Laba disesuaikan tercatat $4,60 per saham, naik dari $3,73 setahun lalu dan melampaui konsensus Wall Street sebesar $4,41. Pendapatan mencapai $8,4 miliar, meningkat 16% year over year, melampaui perkiraan analis sebesar $8,26 miliar.
Saham turun 2,1% dalam perdagangan premarket. Saham tersebut sudah turun 3,9% sepanjang tahun ini menjelang sesi hari Kamis.
Mastercard Incorporated, MA
Reaksi yang lesu ini tidak sepenuhnya mengejutkan. Mastercard sudah mencatatkan kenaikan 3,5% pada hari Rabu setelah pesaingnya, Visa, melaporkan hasil laba yang juga melampaui ekspektasi — menunjukkan bahwa sebagian besar berita baik sudah terefleksi dalam harga saham.
Visa turun 0,2% pada hari Kamis.
Gross dollar volume — total nilai seluruh transaksi yang diproses di jaringan Mastercard — naik 7% year over year. Hal ini menunjukkan aktivitas konsumen yang stabil di platform tersebut.

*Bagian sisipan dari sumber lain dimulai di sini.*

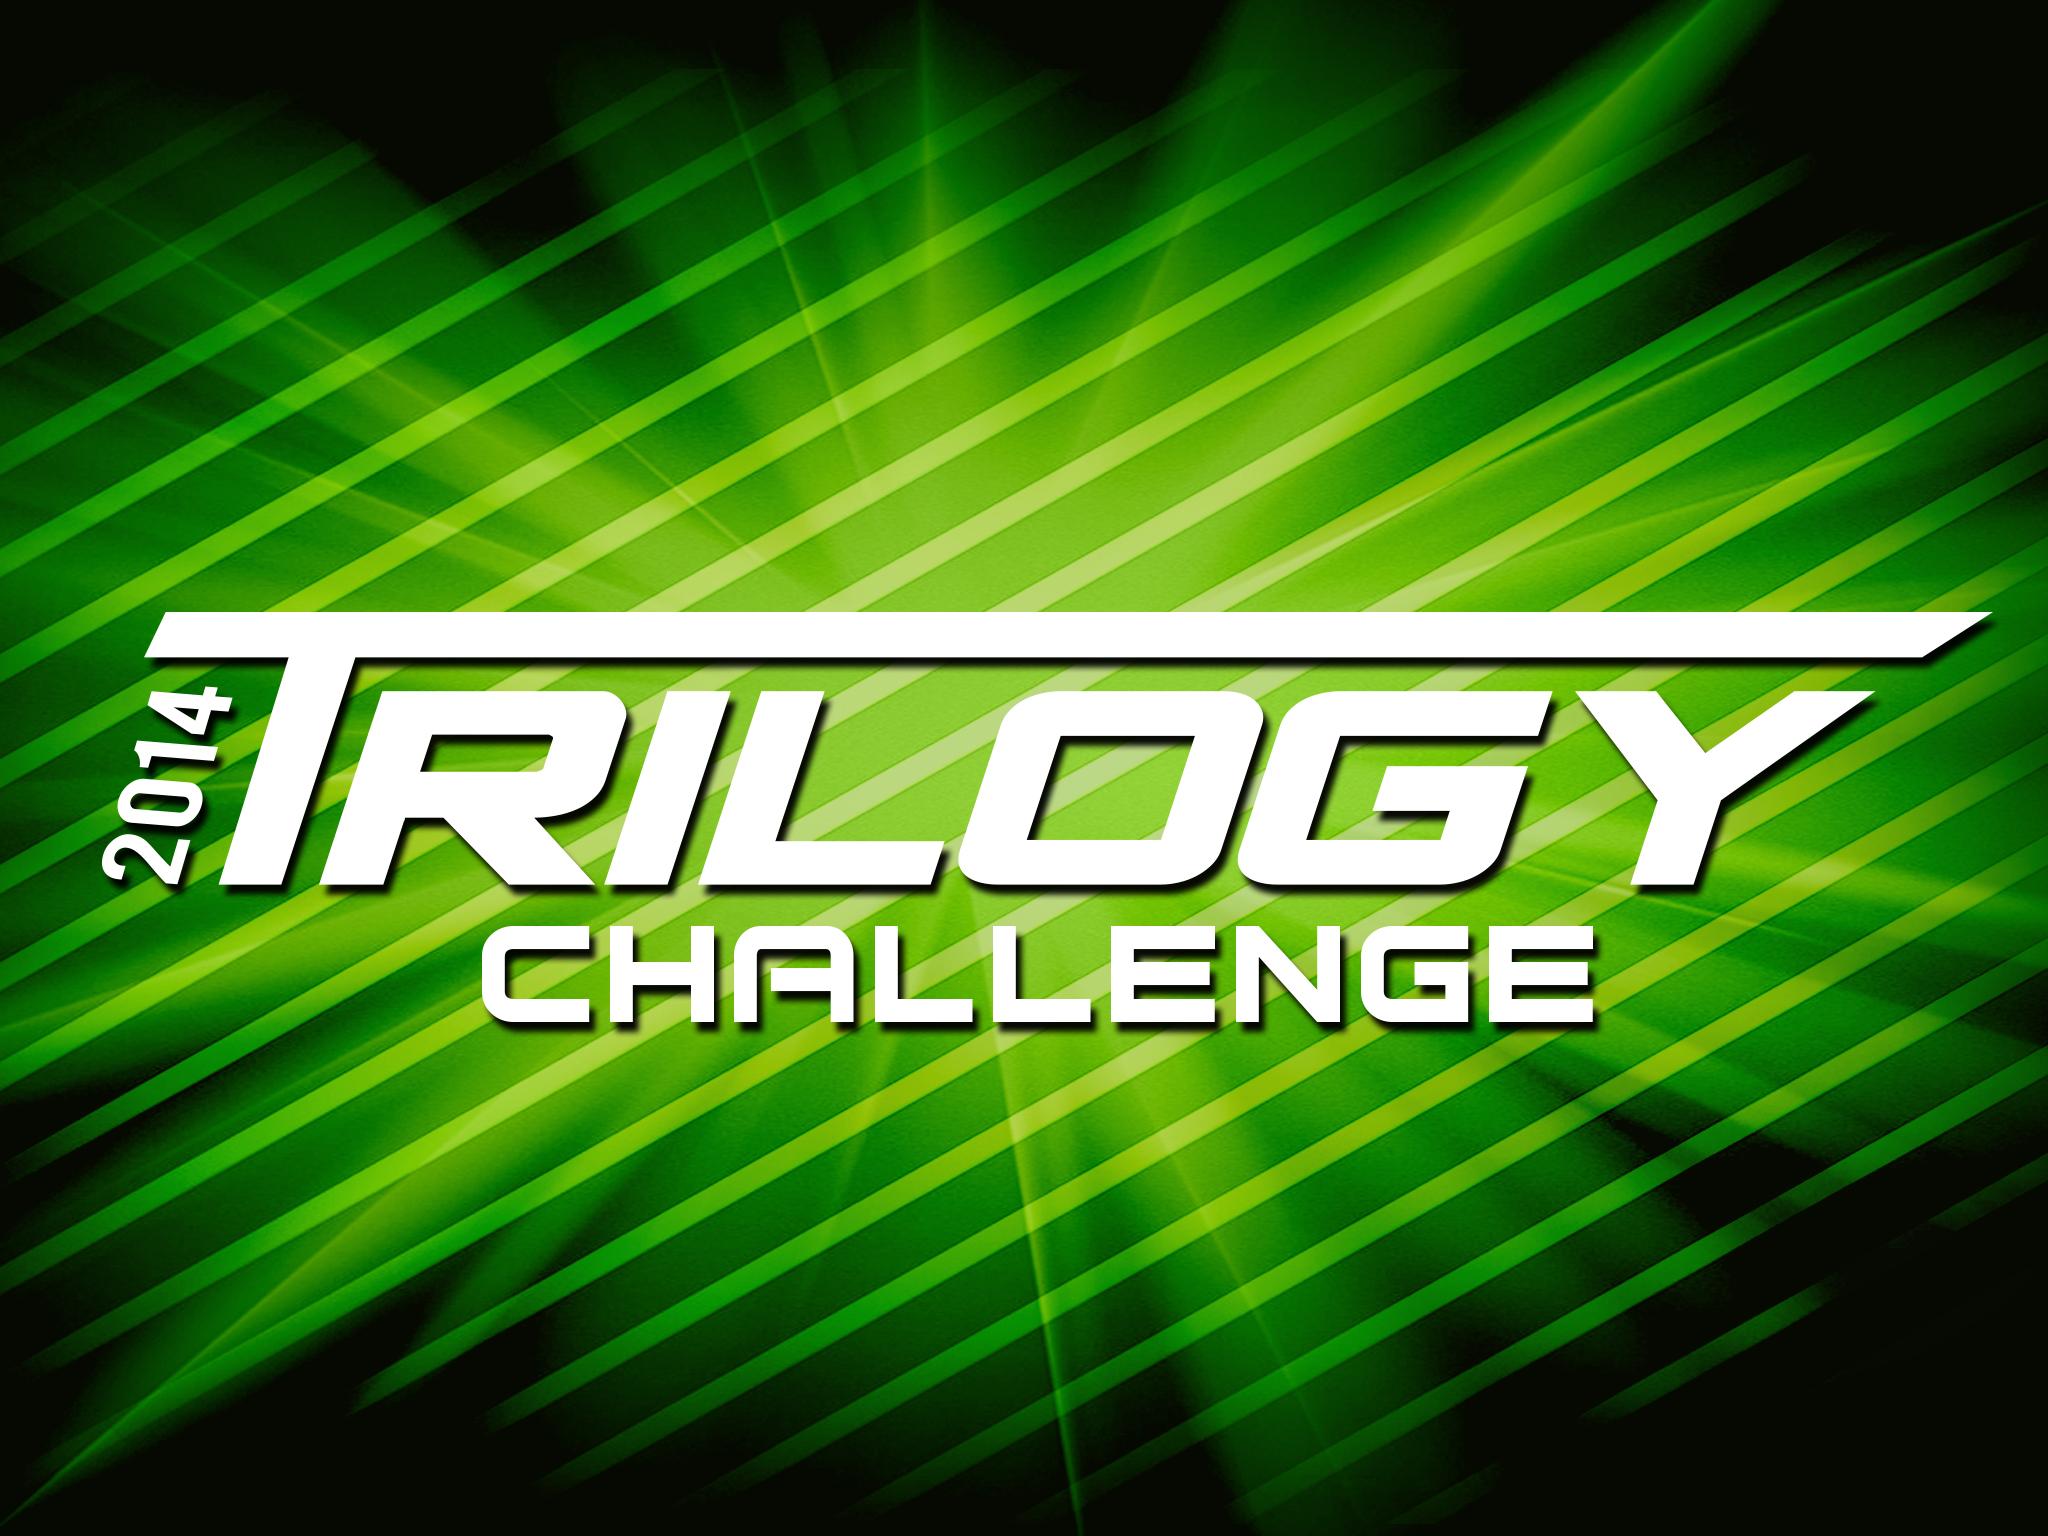 2014-Trilogy-Challenge-Background-iPad

Volume lintas batas, yang melacak pengeluaran kartu di luar negara penerbit, naik 13%. Hal ini terjadi meskipun penutupan wilayah udara di Timur Tengah mengganggu rute penerbangan dan menyebabkan ribuan pembatalan.

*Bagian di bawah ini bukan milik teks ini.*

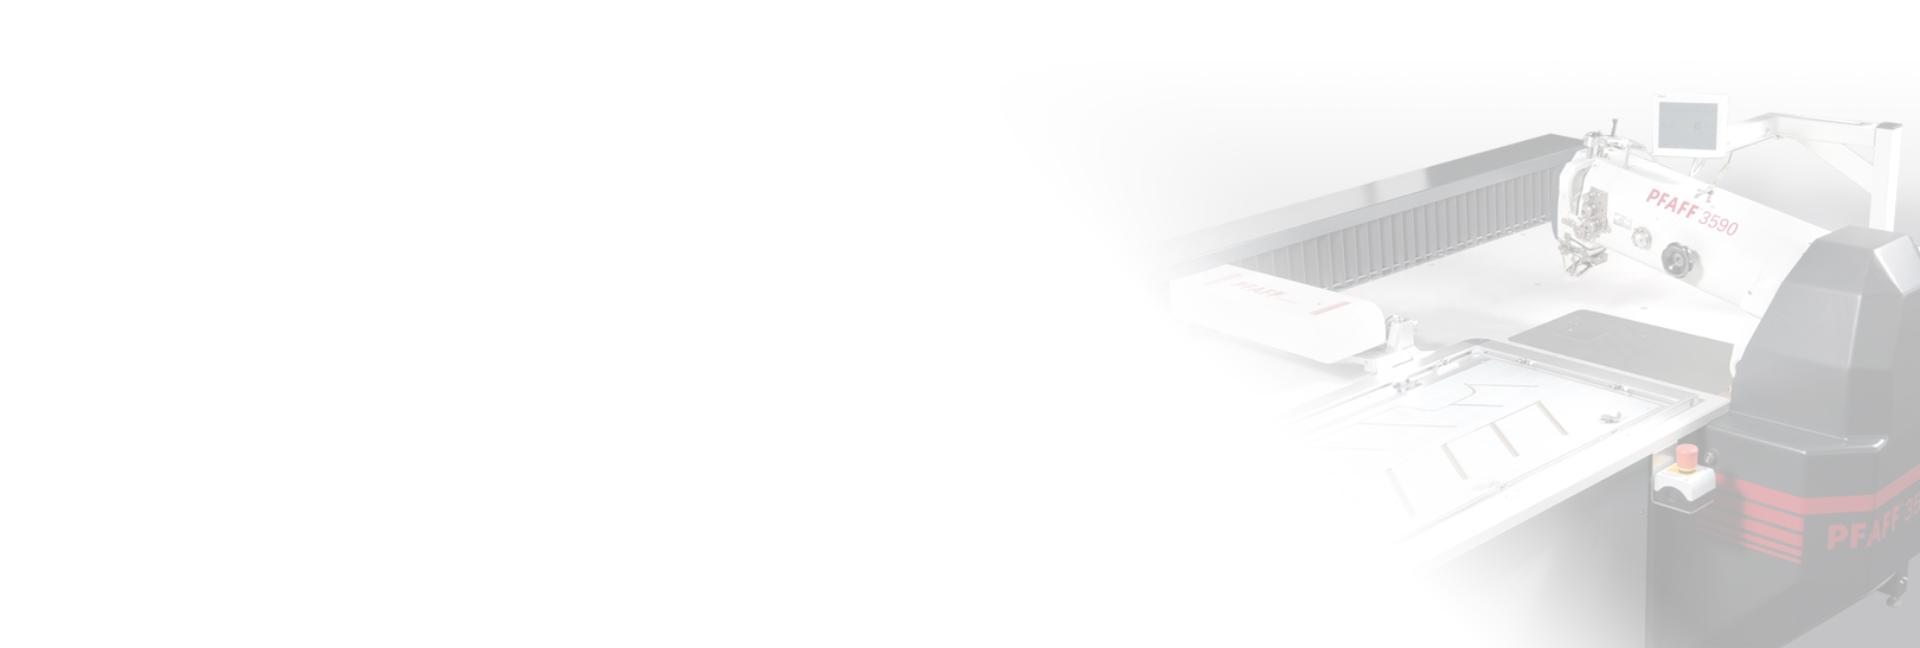 Masini de cusut industriale, service si reparatii, Botosani, Romania, Durkopp Adler, Pfaff, Brother, Pegasus, Beisler, KSL

Pengeluaran konsumen secara umum tetap bertahan, meskipun ketidakpastian ekonomi terkait tarif AS dan perang Iran membebani sentimen. Kepercayaan konsumen melemah di tengah pasar tenaga kerja yang lesu, namun volume transaksi tetap tangguh.

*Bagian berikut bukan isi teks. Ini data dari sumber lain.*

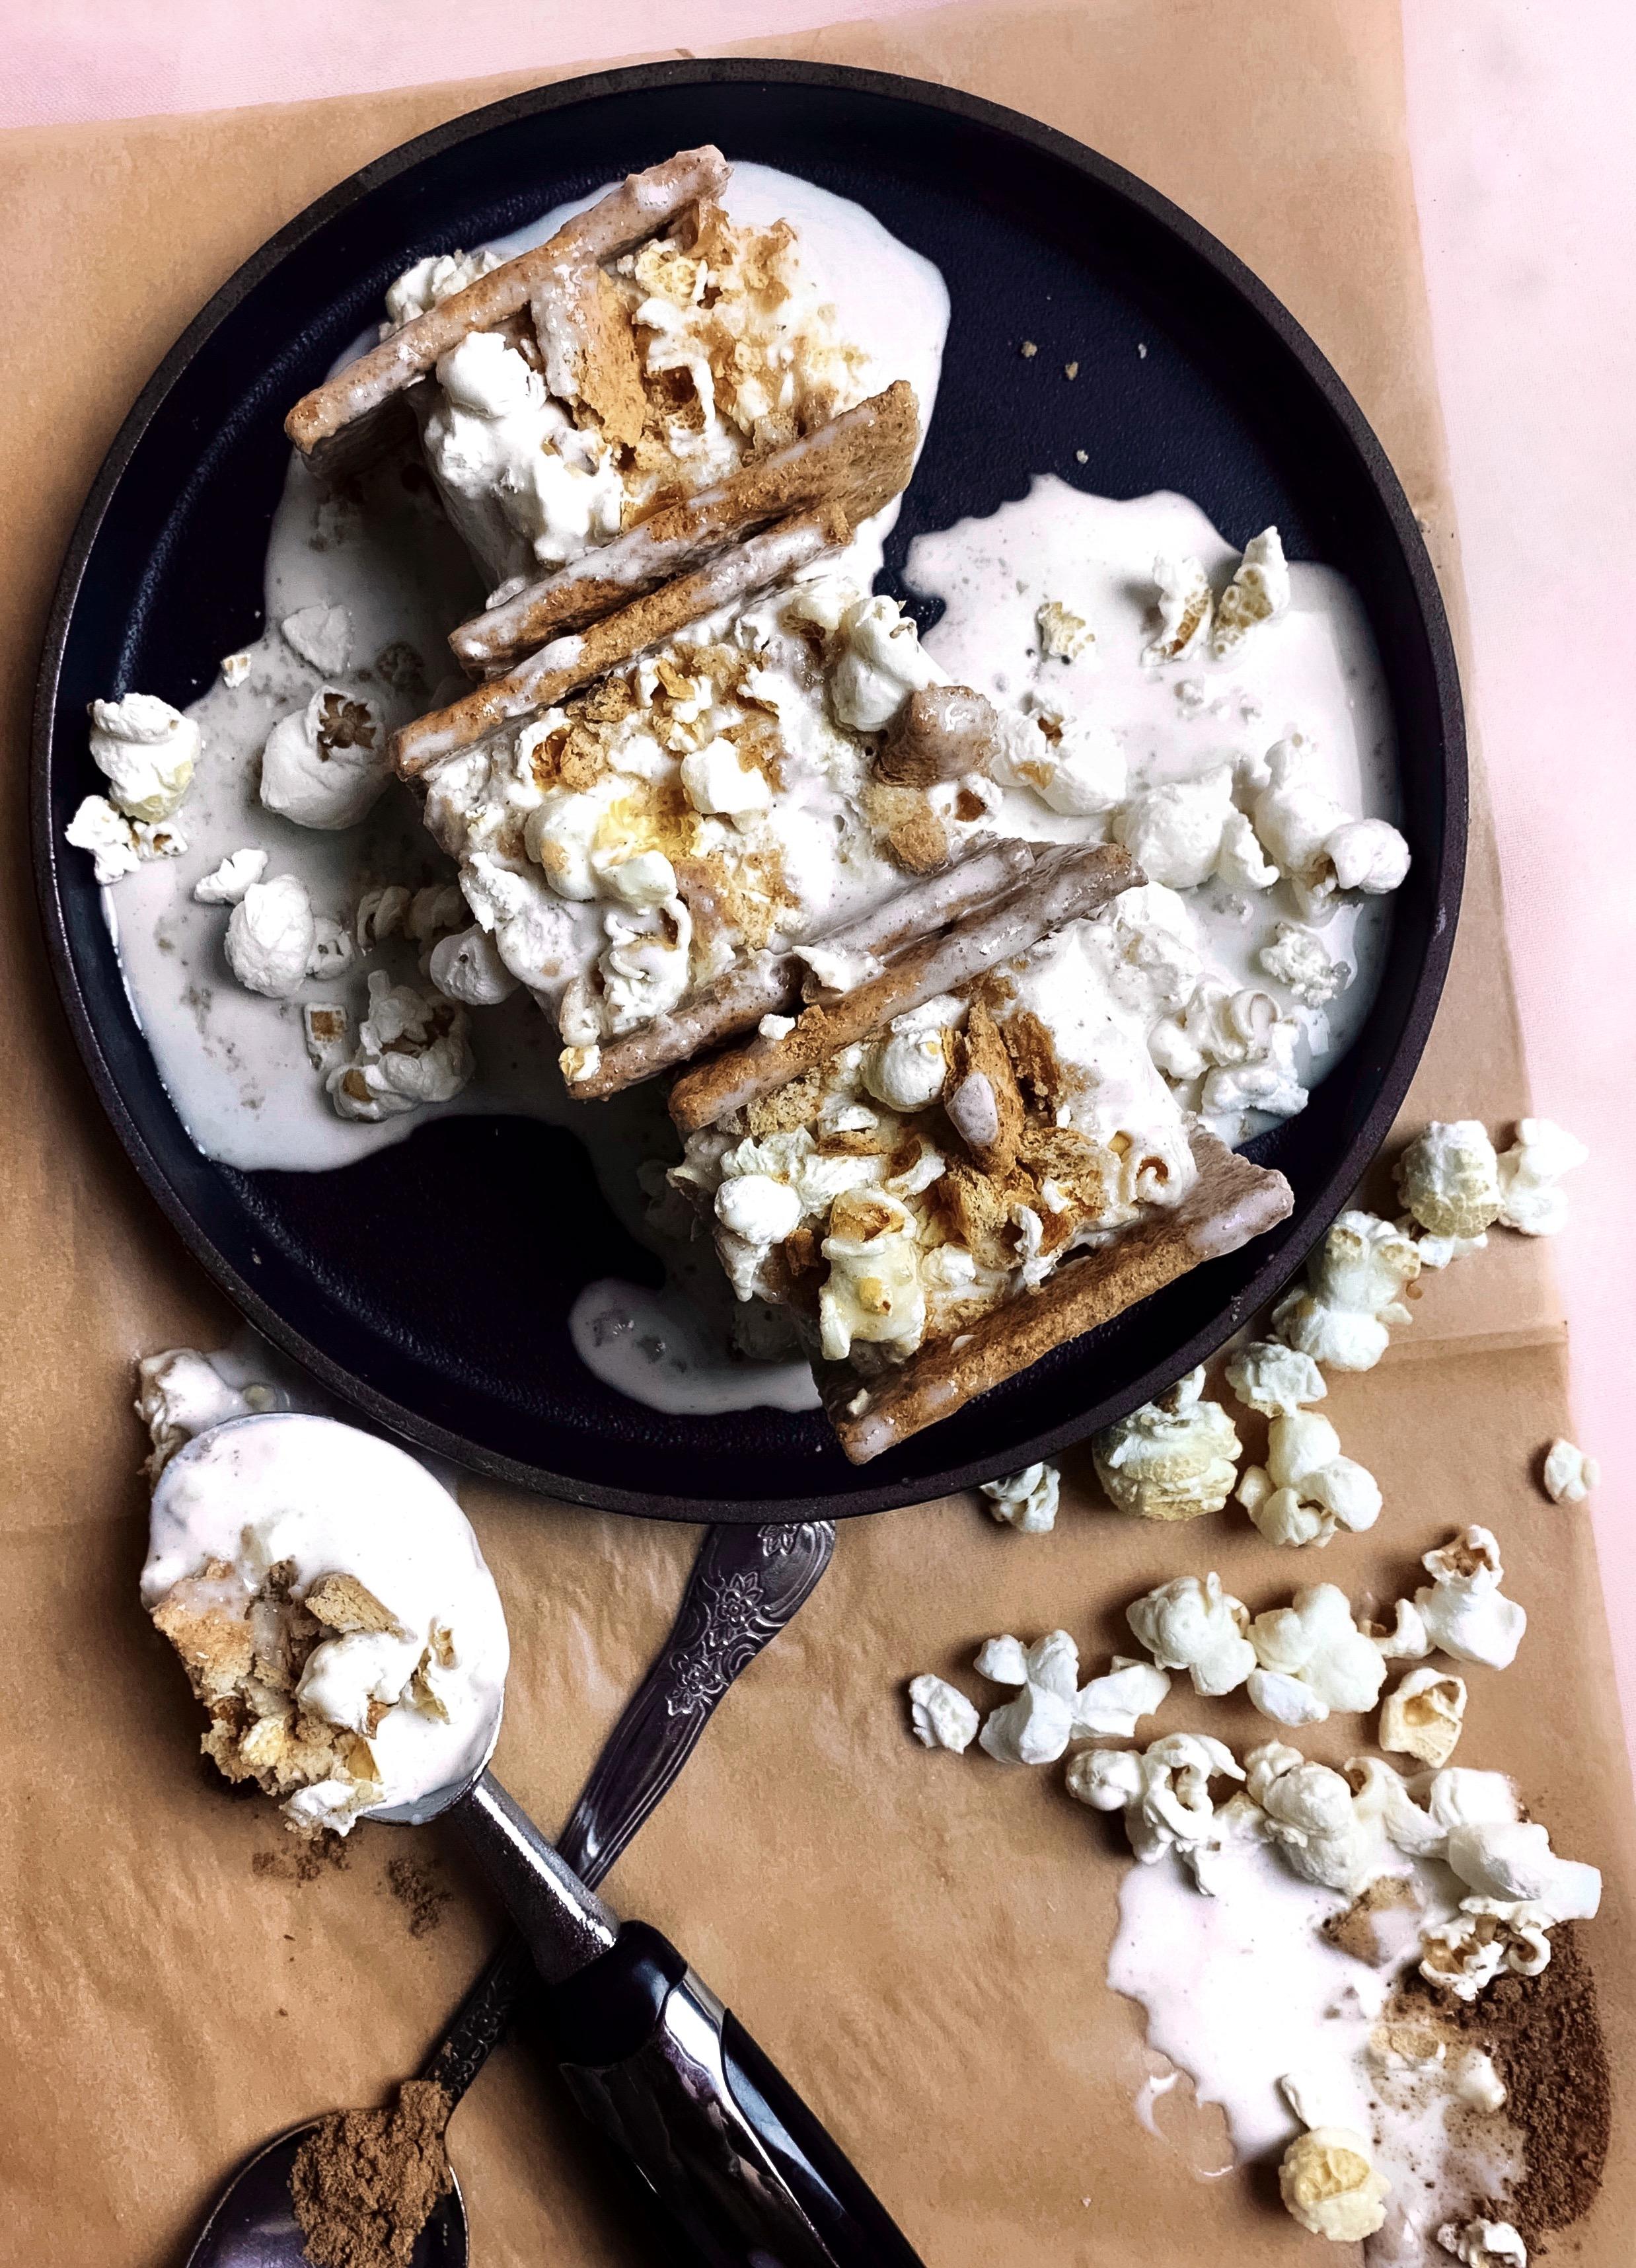 No-Churn Popcorn Five Spice Ice Cream Sandwiches - Brad & Butter | Oct 7, 2019

Sebagian besar pengeluaran tersebut berasal dari rumah tangga berpenghasilan tinggi, yang masih melakukan pembelian diskresioner. Sebaliknya, konsumen berpenghasilan rendah mulai mengurangi pengeluaran untuk kebutuhan non-esensial.
Fenomena yang disebut ekonomi "berbentuk K" ini merupakan pola yang telah disoroti para analis di seluruh industri pembayaran. Hal ini telah membantu meredam dampak pada sektor seperti perjalanan dan hiburan.
American Express, yang basis pelanggannya cenderung lebih kaya, juga melampaui ekspektasi laba kuartal pertama pekan lalu. Visa pun melampaui estimasi.
Dari sisi pengeluaran, biaya operasional naik 13% year over year. Kenaikan ini terutama didorong oleh meningkatnya biaya umum dan administrasi.
Angka tersebut mencakup biaya restrukturisasi pretax sebesar $202 juta, yang menambah tekanan pada laba bersih meskipun pendapatan datang dengan kuat.
Awal bulan ini, sebagian besar pemberi pinjaman besar AS melaporkan peningkatan saldo pinjaman konsumen, yang menunjukkan kelanjutan aktivitas pinjaman meskipun ada tekanan ekonomi yang lebih luas.
Saham Mastercard tertinggal dari pasar yang lebih luas selama setahun terakhir.
EPS disesuaikan sebesar $4,60 berada di atas rata-rata analis sebesar $4,40, berdasarkan data dari LSEG.